Oliver took his first few steps unaided on Tuesday the 12th of March! You should have seen his little face when he realised what was happening! We spent a good while getting him to walk from me to Mike and viceversa. He'll be always on his feet in no time.
Tomorrow is our 5th anniversary and I just read wood is it's symbol...of course we don't have anything planned, it's St. Patrick's day and it's supposed to rain (nothing new there!) so I don't really feel like going to a parade to be honest. I'm finally feeling better but still not 100% despite the round of antibiotics and Oliver would get bored for sure.
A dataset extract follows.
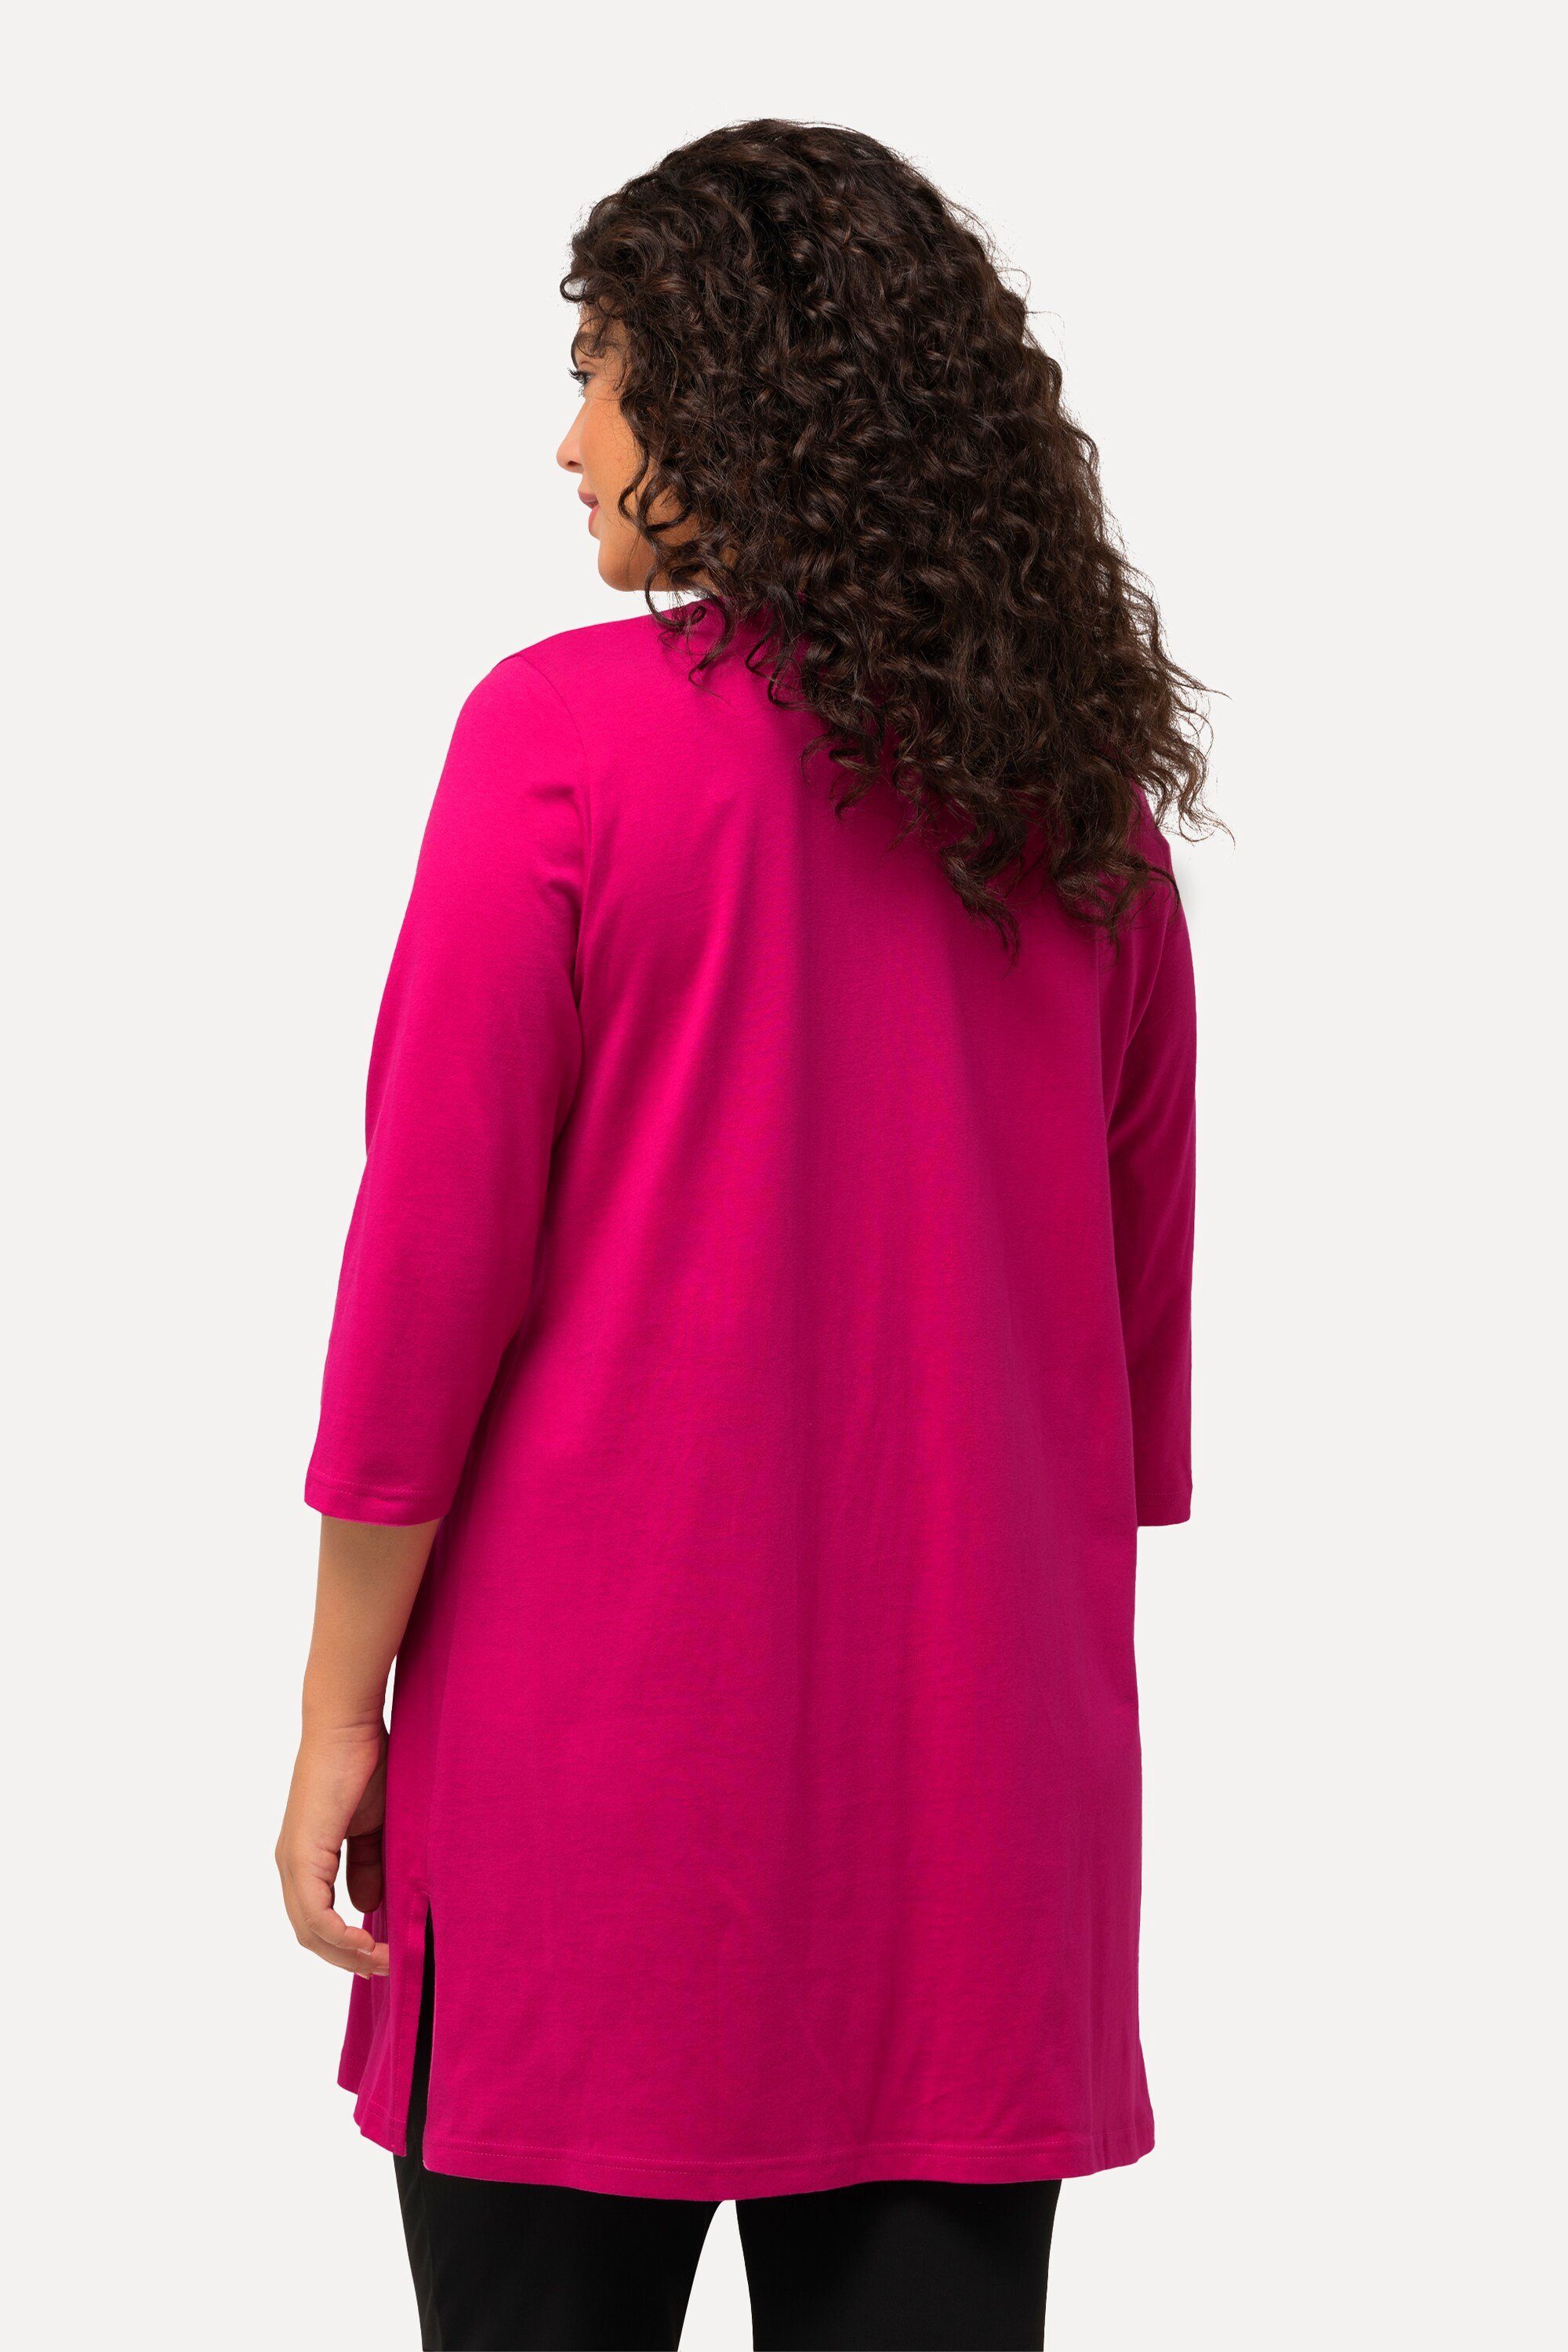 Ulla Popken Longshirt fuchsia 3/4-Arm pink V-Ausschnitt A-Linie Longshirt

I feel I have to add my 2 cents to the blogging "tension" currently going on. I never had one bad comment and never felt excluded by the blog-community. I also blog to keep track of what is happening and of course my blog moved from infertility and the drama that came with it to a pregnancy blog to a parenting blog. I don't know what else it'll be turning into in the future but I like to think that it can be anything I like. One thing I certainly noticed is that I can now count on one hand the comments I may get any time I post. I have cyber friends who I know will stop by to see what happens in my side of the World and would live a message, and other who may just be reading and say nothing. I would hope that, should I need support at some point in the future that they will be there for me like in the past, but of course I don't know that. I do feel a bit sad at times, as if I've lost friends. So I'm not sure if it's because the bloggers that once shared infertility and are now happily parenting have no time/need to come back and say hello, or if it's because there's now this parallel community which I didn't join but I really should, or if it's because my blog has become boring. Well, I tell you what, I am truly happy that my complaint now is that my life is normal and with no drama, long may it last!